Старшина Артюх был единственный из курсантов, кто награжден медалью «За отвагу» в боях, на реке Халхин-Гол. Уроженец Одессы, он олицетворял собою неповторимый юмор и жизнерадостность. Его низкорослая фигурка на коротких и кривых ногах казалась спрессованной из камня. Физиономия Артюха напоминала луну, как ее обычно рисуют в детских сказках. Помимо всего, Артюх был страстным женолюбом и ежедневно после отбоя отправлялся «по бабам».
Уже после нашего производства в офицеры старик Матевосян спросил у Виктора Федотова: «Дело прошлое, в Устюге я все ваши дырки в заборе знал, через которые в самоволку бегали. Одной только не знал. Скажи, где была эта дырка?»
– Через окно, товарищ полковой комиссар, по водосточной трубе.
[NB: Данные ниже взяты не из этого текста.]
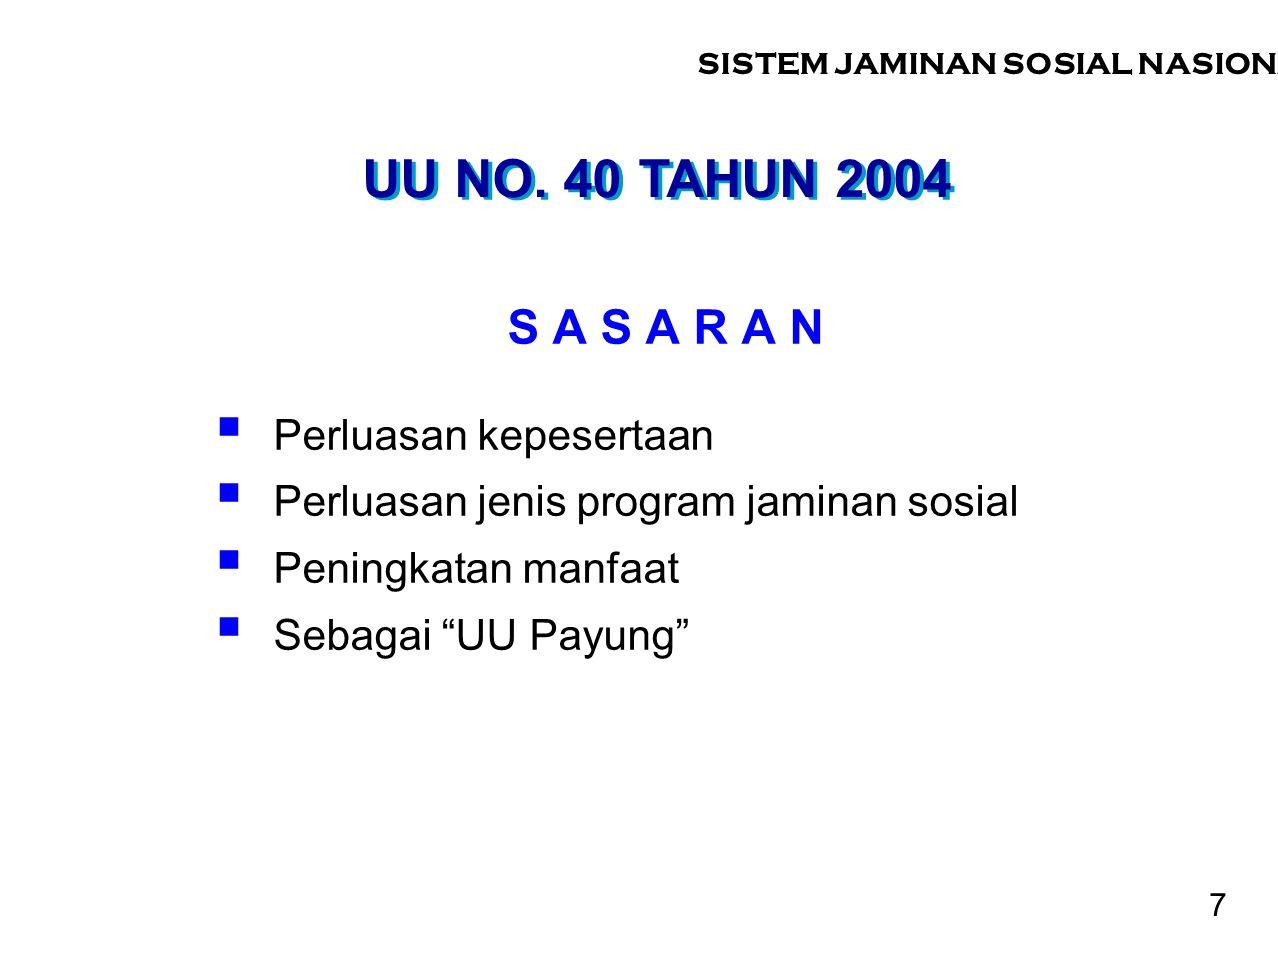 "UU NO. 40 TAHUN 2004 S A S A R A N  Perluasan kepesertaan  Perluasan jenis program jaminan sosial  Peningkatan manfaat  Sebagai ""UU Payung"" SISTEM"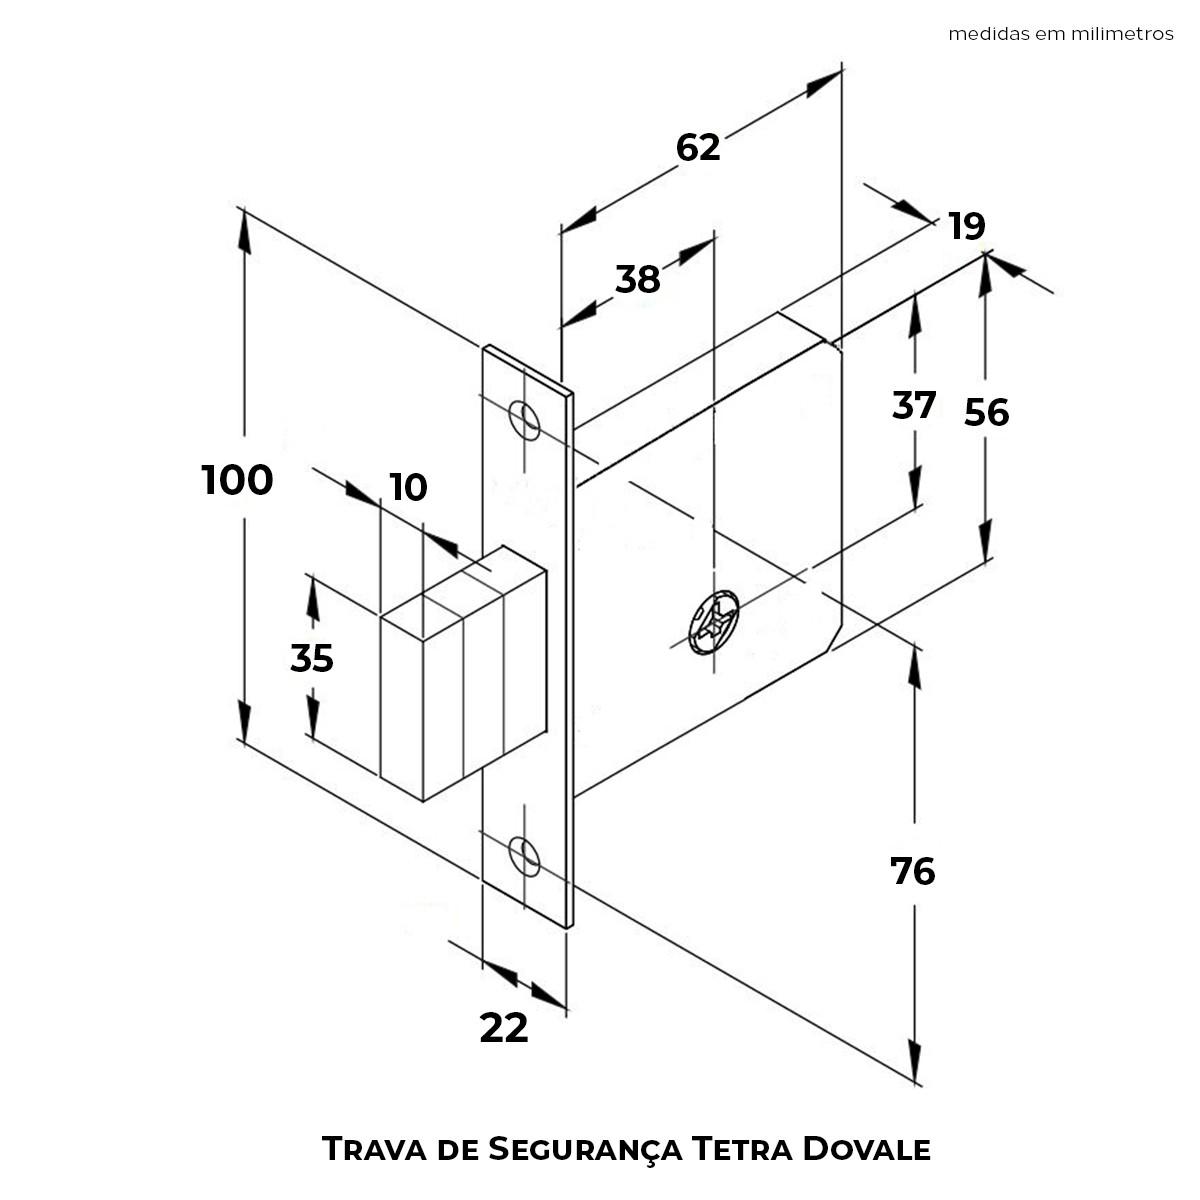 Trava de Segurança Dovale Tetra CR Cilindro e Chave Zamak Par - 78401

Матевосян хлопнул себя по лбу, весело засмеялся и произнес:
– Скажи пожаласта, а! Ай да мальчишки! Провели старика! Я все ваши ходы знал, а про этот нэ догадался!
Равных Артюху на почве Эроса не было во всем училище. Лазал он и по водосточной трубе, и через забор, и прямо через проходную. И никогда не попадался.
– У тебя такая рожа, Артюх, – как бы в шутку сказал Мкартанянц, – что, что бы ты ни сделал, всем ясно, что делаешь ты все это не иначе, как на «законных основаниях».
– Таки у нас же ж в Одессе иначе ж нельзя, – отвечал Артюх, нимало не смущаясь.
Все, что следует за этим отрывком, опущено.